··· Records provided

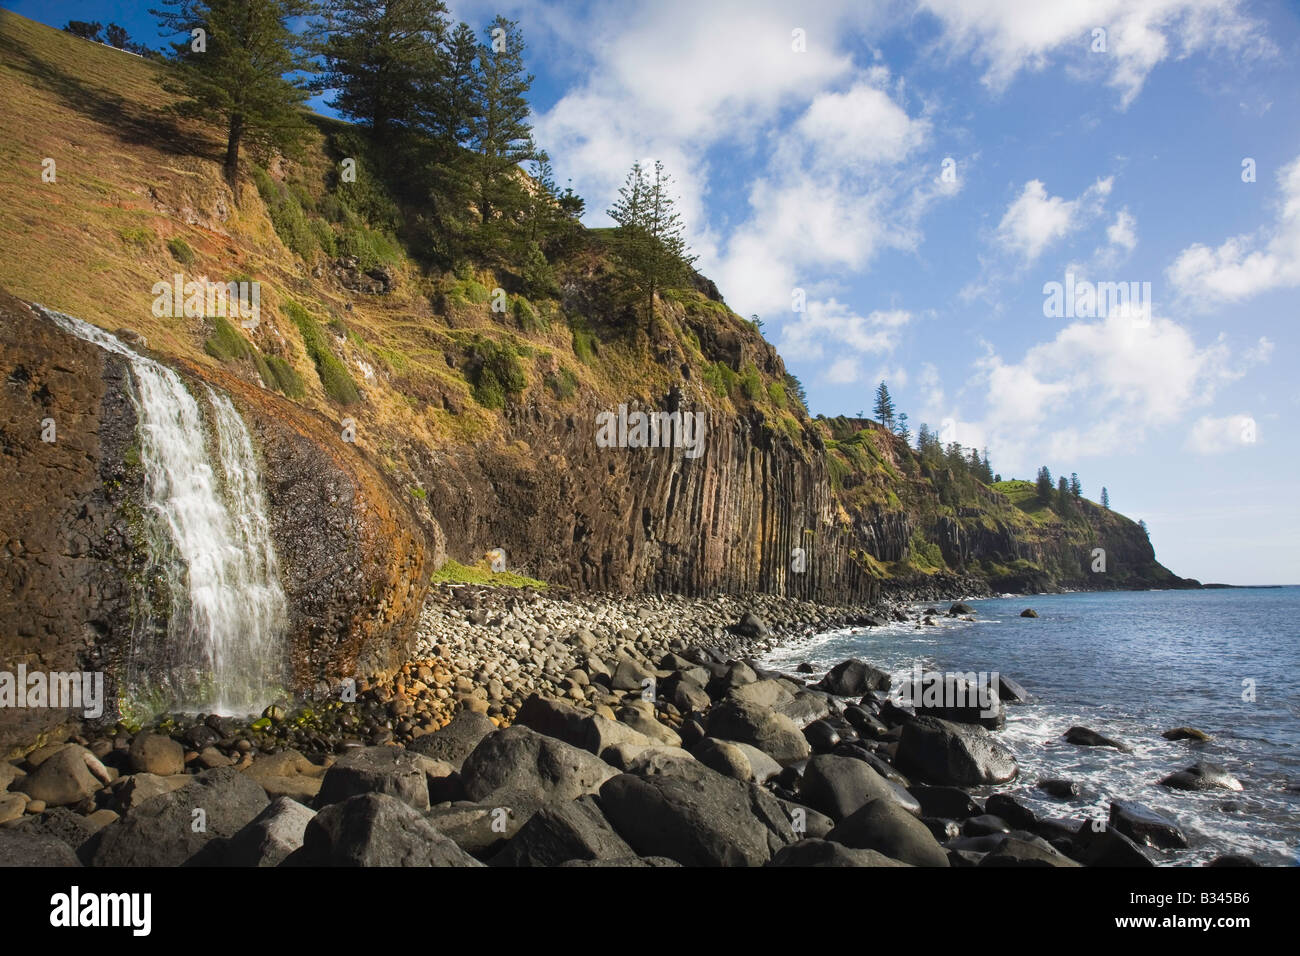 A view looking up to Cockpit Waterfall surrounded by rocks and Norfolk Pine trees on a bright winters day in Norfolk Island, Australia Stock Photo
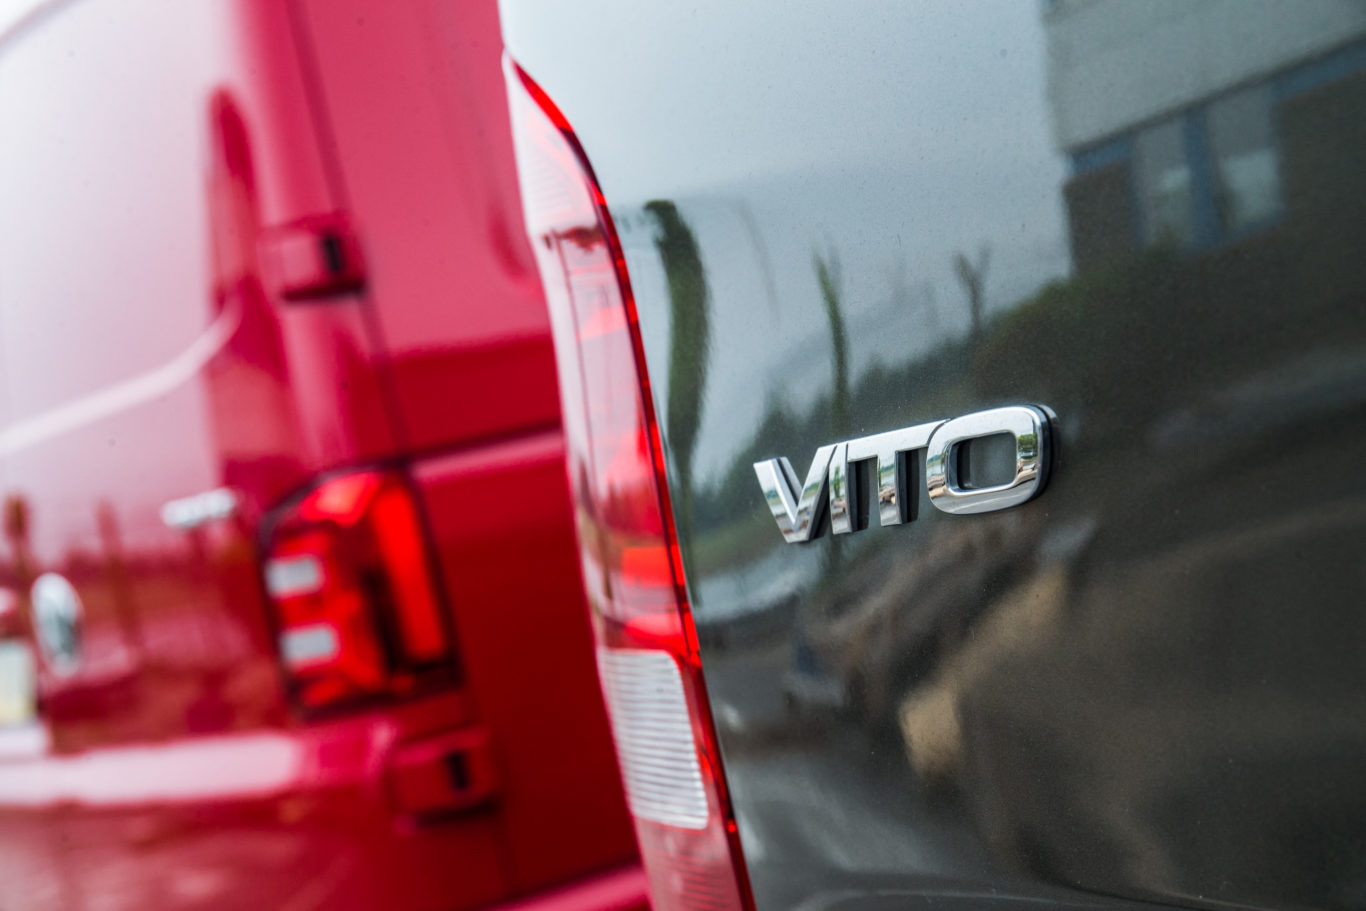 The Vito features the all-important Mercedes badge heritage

······
··· Records provided

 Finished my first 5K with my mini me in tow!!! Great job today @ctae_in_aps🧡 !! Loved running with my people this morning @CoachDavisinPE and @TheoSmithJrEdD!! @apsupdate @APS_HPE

······

• **Exercise requirements**
Look back over the records above. Reproduce exactly everything from the line with "A view looking" down to the line with "The Vito features", inclusive, and leave the pictures out.

• **Answer to this problem**
 A view looking up to Cockpit Waterfall surrounded by rocks and Norfolk Pine trees on a bright winters day in Norfolk Island, Australia Stock Photo
 The Vito features the all-important Mercedes badge heritage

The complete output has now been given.